On January 20th, 2009, just moments after Barack Obama was inaugurated to be the President of the United States, a group of Republican Senators and Representatives sat in the capitol and talked about their agenda over the next four years: to deny President Obama a second term. With that in mind, the GOP adopted a win at all costs strategy all before President Obama even stepped foot into the oval office. This strategy was centered in playing with a politics of fear mongering and hate that produced a candidate with an entire platform centered around fear mongering and hate.
The reason why this win at all costs strategy has not and will not work, is because Barack Obama wasn’t a candidate created by exploiting fear. He did what many a politician failed to do — he rooted his message in hope and change and sparked a movement behind him that was seemingly immune to fear. Barack Obama was not elected because people were scared of John McCain; he was elected because people were inspired. His brand of politics was designed to drive people away from the politics of hate, resulting in landslide victories in 2008 and 2012.
Regardless, this fear instilling style of politics planted seeds of hate around a country that was just waiting for a candidate to capitalize on them. I hate to say that Donald Trump was an inevitable candidate, but he was. The Republican party brand of politicking is to blame. The Republican party can talk all day long about how they want to beat Donald Trump. However, they created and continue to enable him. The GOP deserves Donald Trump, but please, spare the rest of us.
As a Democrat, I started out almost appreciating and relishing in Trump’s rhetoric. I’m a firm believer that Donald Trump was doing great things for our party — he still is — but the rhetoric has ceased to be entertaining and is now dangerous. For those of us who still think and vote with our brains and hearts in either party, Trump’s rhetoric is dangerous.
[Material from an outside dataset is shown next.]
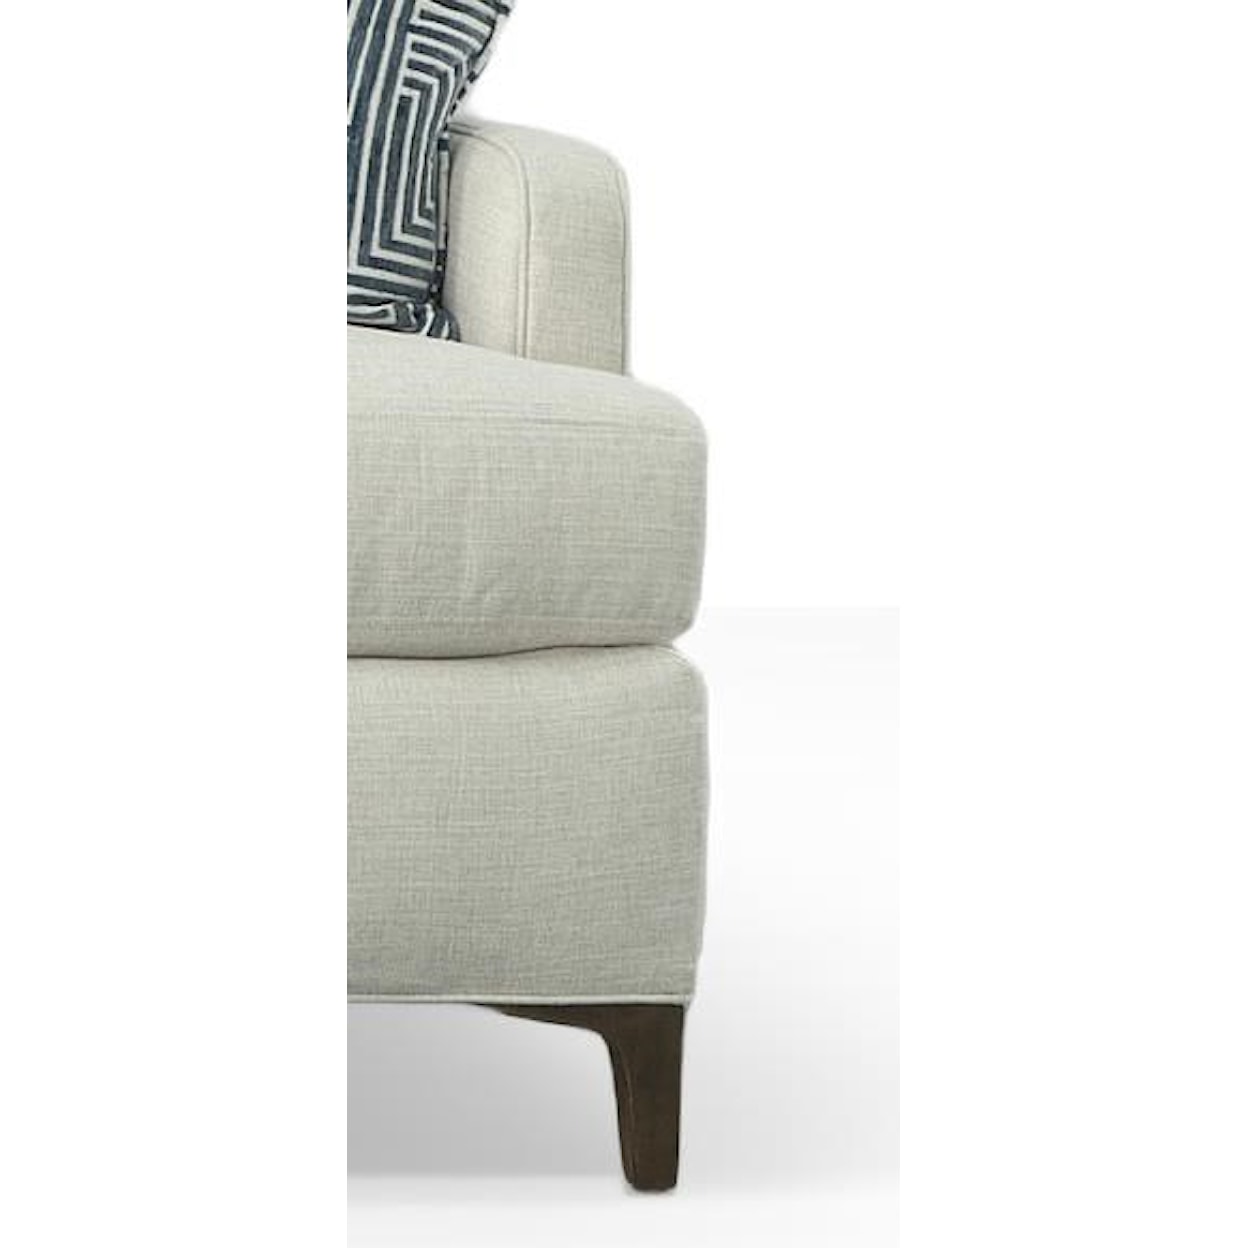 Fairfield Remy-Libby Langdon 3 Cushion Sofa

I’m not voting for Donald Trump, I am not voting for any Republican candidate in this election cycle, nor have I subscribed to the Republican politics of hate, yet I am still subjected to listen to his hate speech toward muslims, gays, women, immigrants, and veterans. Lately, those who were supposed to be the “reasonable voices” have even started talking about Donald Trump’s penis. We don’t deserve this.
Donald trump has left the Republican party looking for signs of life within itself. Trump has steamrolled through everything the GOP has thrown at him with no signs of Trump stopping anywhere. The truth of the matter is the party of Lincoln and Reagan is gone, not because Trump killed it, but because the Republican party has run so far away from its principles, that has allowed Trump to shake it to its core. The Republican Party has been long due for this rude awakening, but the rest of us do not.